11.4 When to use Bayesian methods
| Reason to use Bayesian | Reason to use Frequentist |
|---|---|
| Prior information matters | Asymptotic theory is well-understood |
| Need full posterior for downstream decisions | Computational cost matters at scale |
| Small sample, weak identification | Effects are well-identified |
| Want native individual-level CrIs | Existing frequentist toolkit suffices |
The Bayesian approach offers outputs (posterior over individual effects, principled propagation of uncertainty into derived quantities) that are not natural for frequentist methods. For decision-theoretic applications — treatment-recommendation under cost-benefit trade-offs — the Bayesian posterior is the natural input.
11.5 Connections
- The Heterogeneous Treatment Effects chapter covers frequentist meta-learners. BCF is the Bayesian counterpart to causal forests.

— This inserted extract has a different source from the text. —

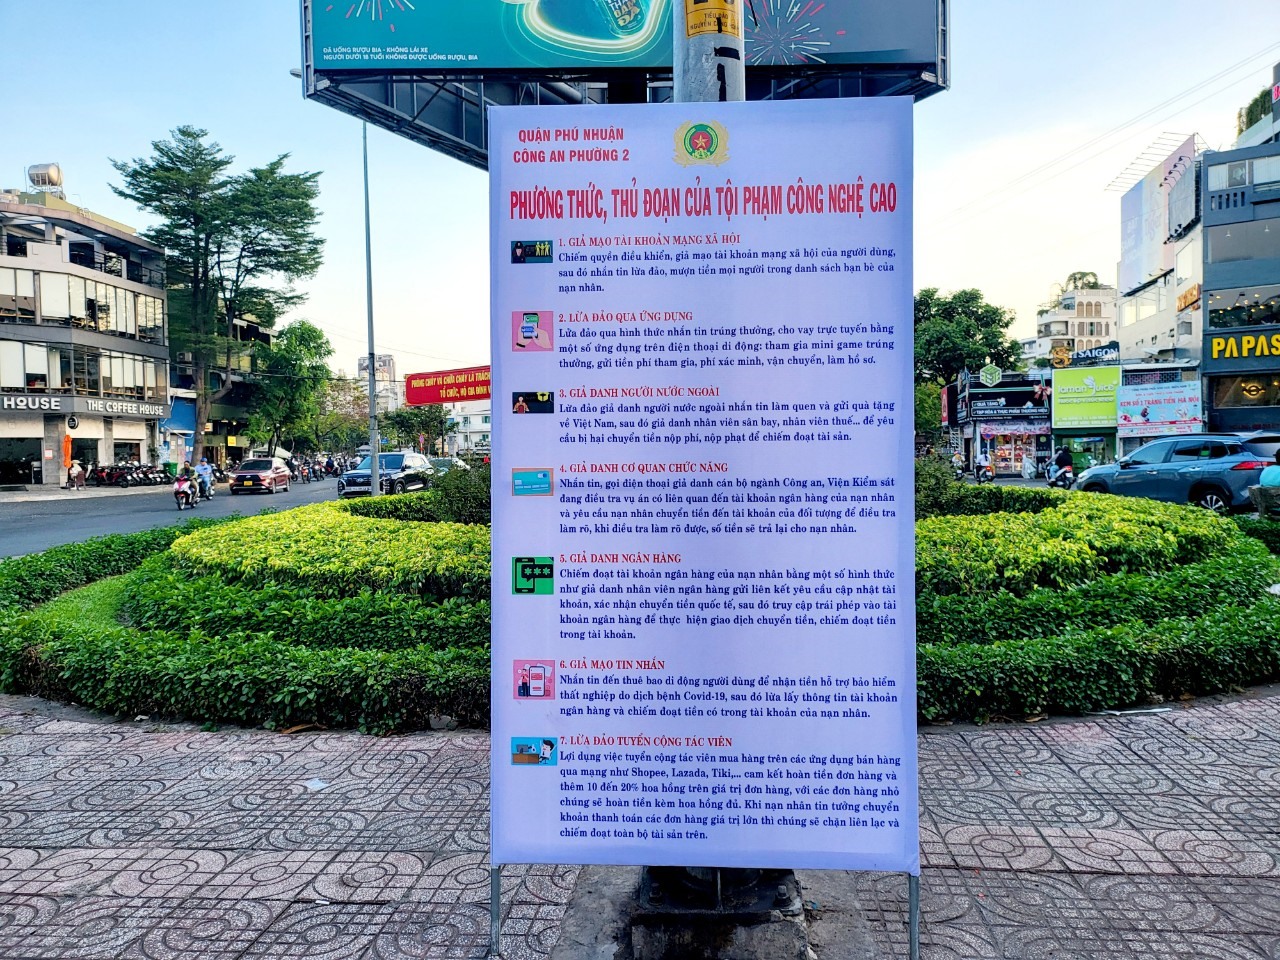 Công an Phường 2, quận Phú Nhuận (TPHCM) thông báo cảnh báo

- The Sensitivity Analysis chapter’s Cinelli-Hazlett bounds are frequentist; the Bayesian analog puts a prior on the unmeasured-confounder strength (McCandless et al. 2007).
- For a hands-on Numpyro example of Bayesian modelling, see Using Numpyro.
11.6 Summary
- Bayesian causal inference computes full posteriors over treatment effects, providing credible intervals for both aggregate and individual-level effects.
- Bayesian g-computation with a Normal-Inverse-Gamma conjugate prior is implementable in Julia in ~30 lines and gives valid credible intervals for the ATE.
- For nonparametric flexibility (BART, BCF), R’s
BARTandbcfpackages remain the workhorses — see the R companion chapter. - For Numpyro-based Bayesian models in Python, see the Using Numpyro blog chapter.